**WORK ITEM**
From the records below, please print only the lines from the one containing "Sevilla with the" through the one containing "In this photo, we", both included. Skip the pictures.

**EXTRACTED ENTRIES**
•••••

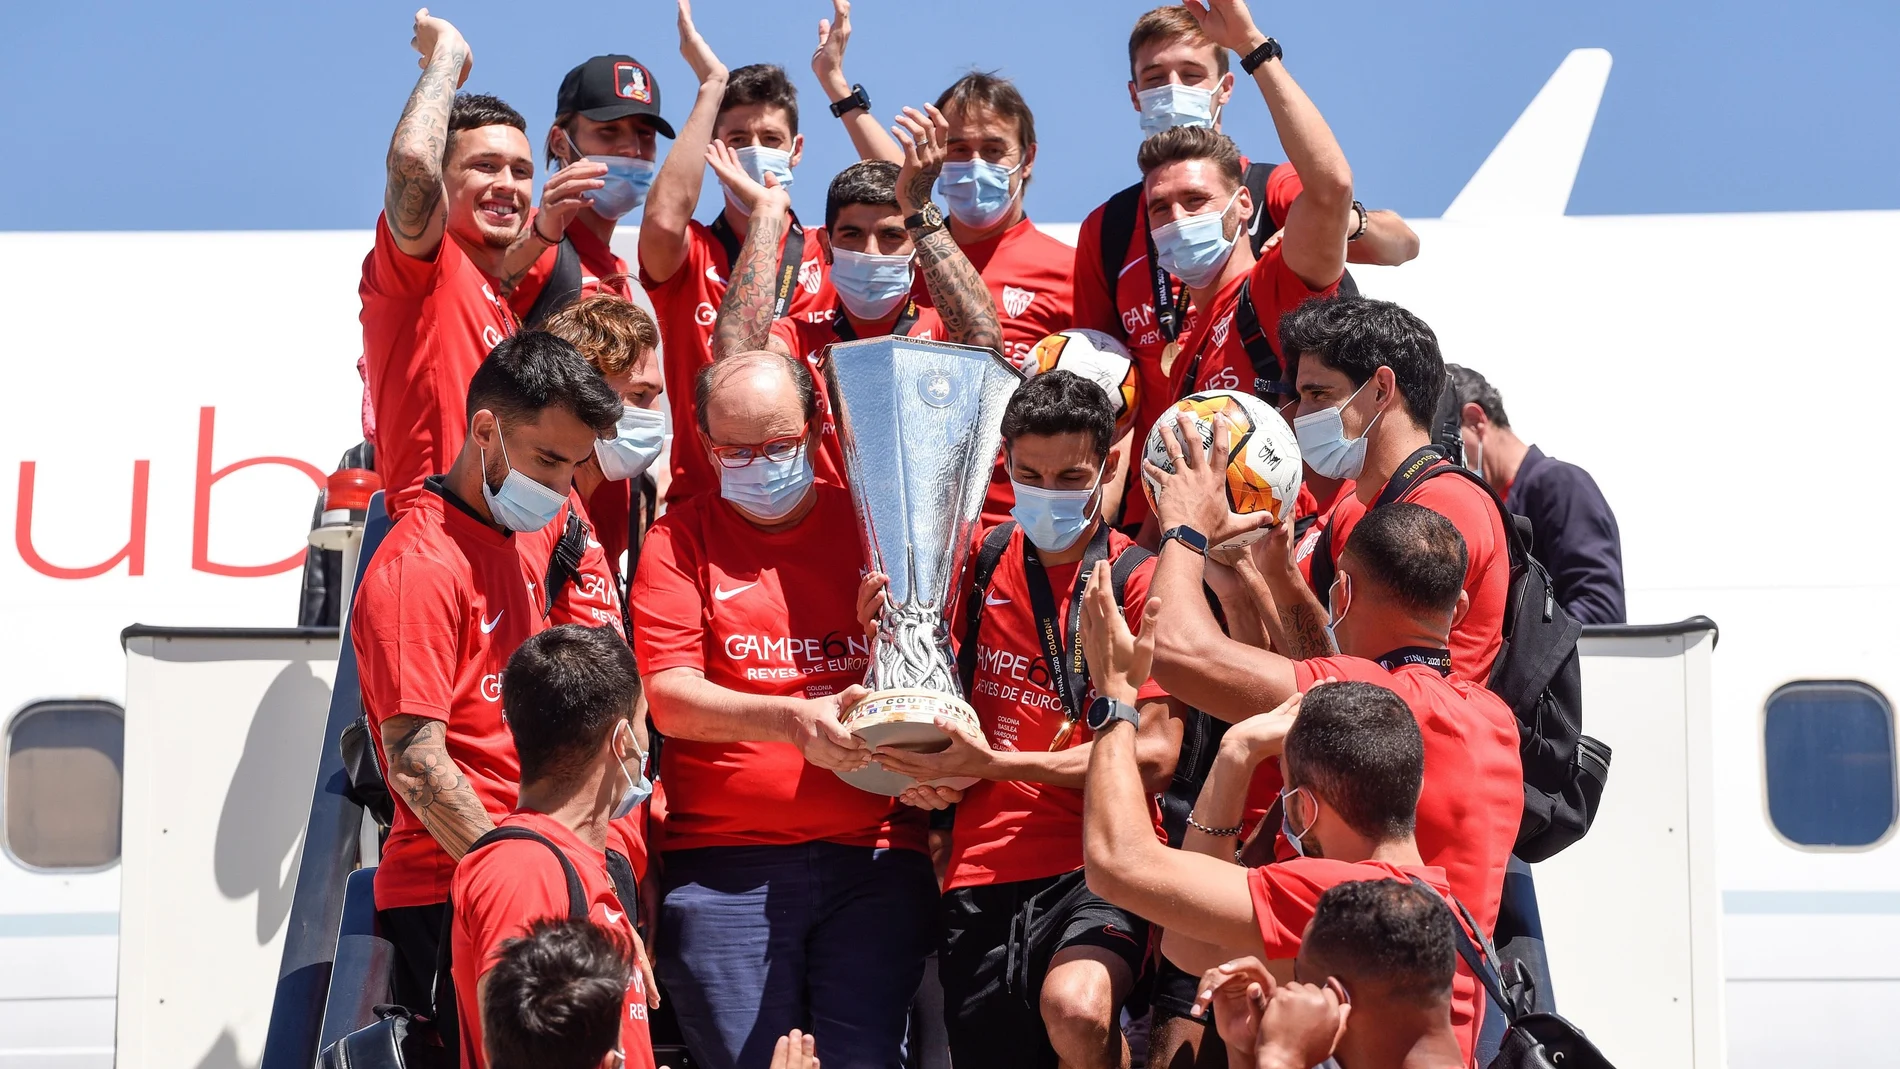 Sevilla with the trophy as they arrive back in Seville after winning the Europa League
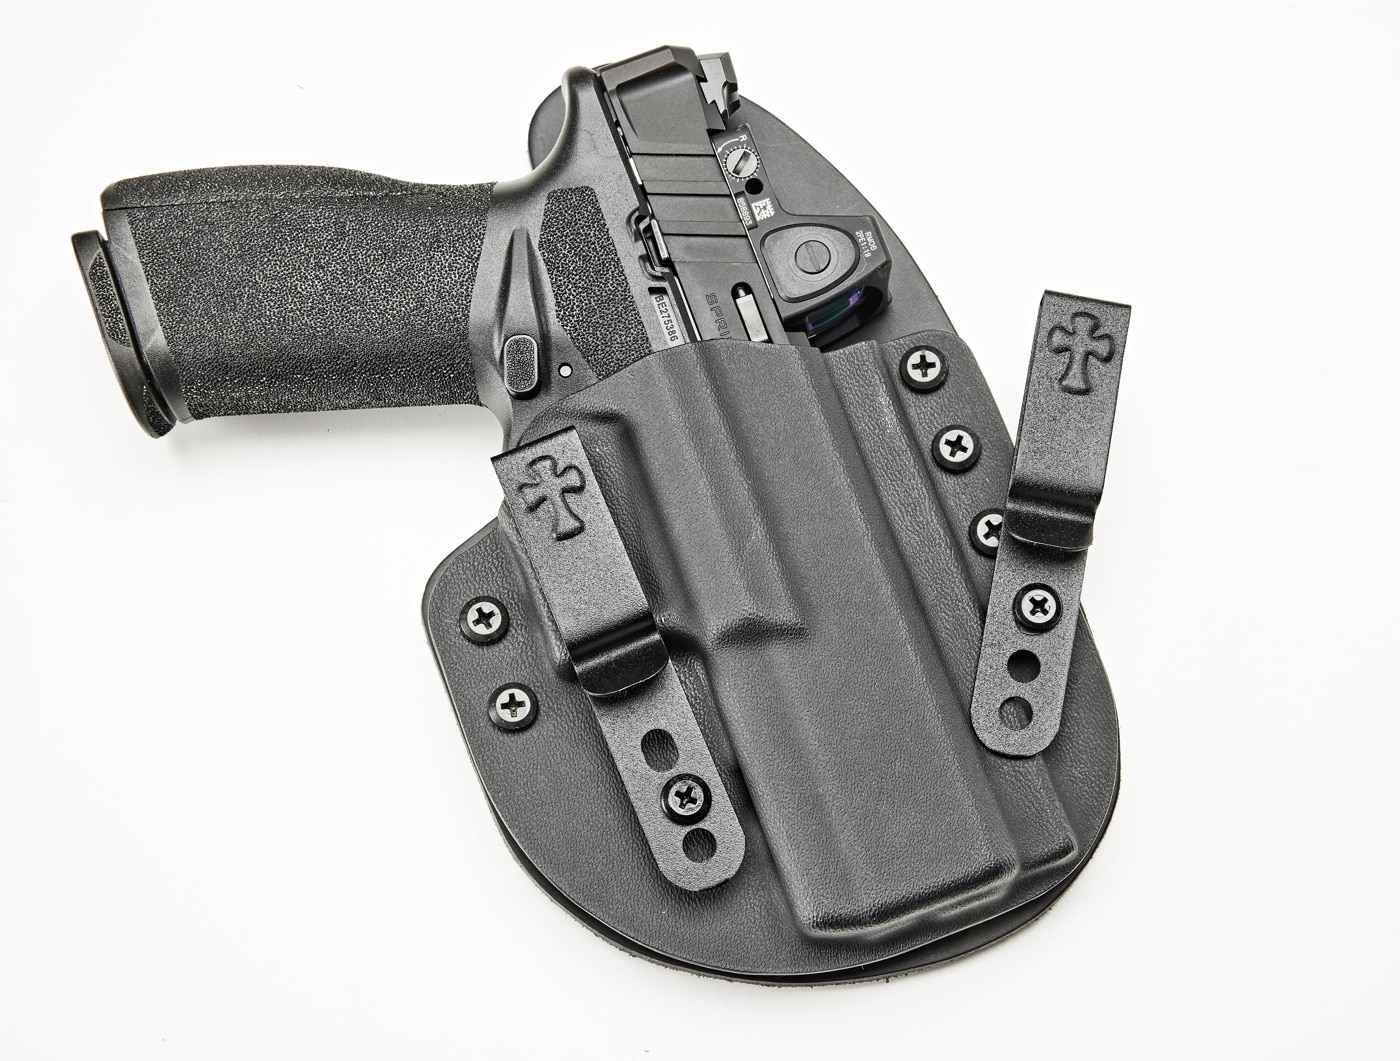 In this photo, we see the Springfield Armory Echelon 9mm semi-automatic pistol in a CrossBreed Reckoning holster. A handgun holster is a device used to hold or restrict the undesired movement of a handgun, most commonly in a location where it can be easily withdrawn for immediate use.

•••••

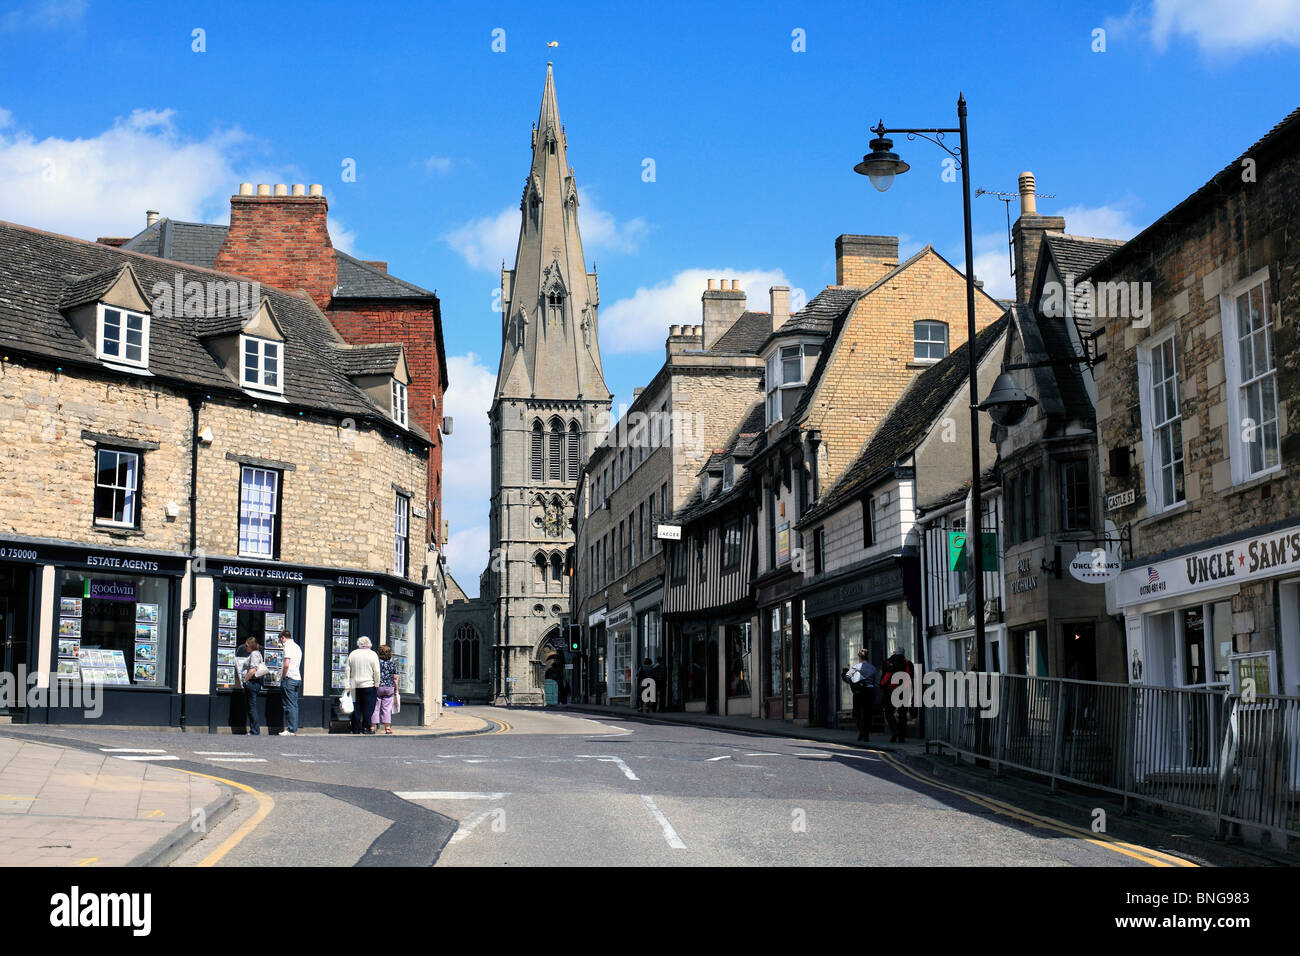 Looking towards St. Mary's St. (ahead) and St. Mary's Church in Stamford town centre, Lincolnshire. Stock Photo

•••••

**YOUR RESPONSE**
 Sevilla with the trophy as they arrive back in Seville after winning the Europa League
 In this photo, we see the Springfield Armory Echelon 9mm semi-automatic pistol in a CrossBreed Reckoning holster. A handgun holster is a device used to hold or restrict the undesired movement of a handgun, most commonly in a location where it can be easily withdrawn for immediate use.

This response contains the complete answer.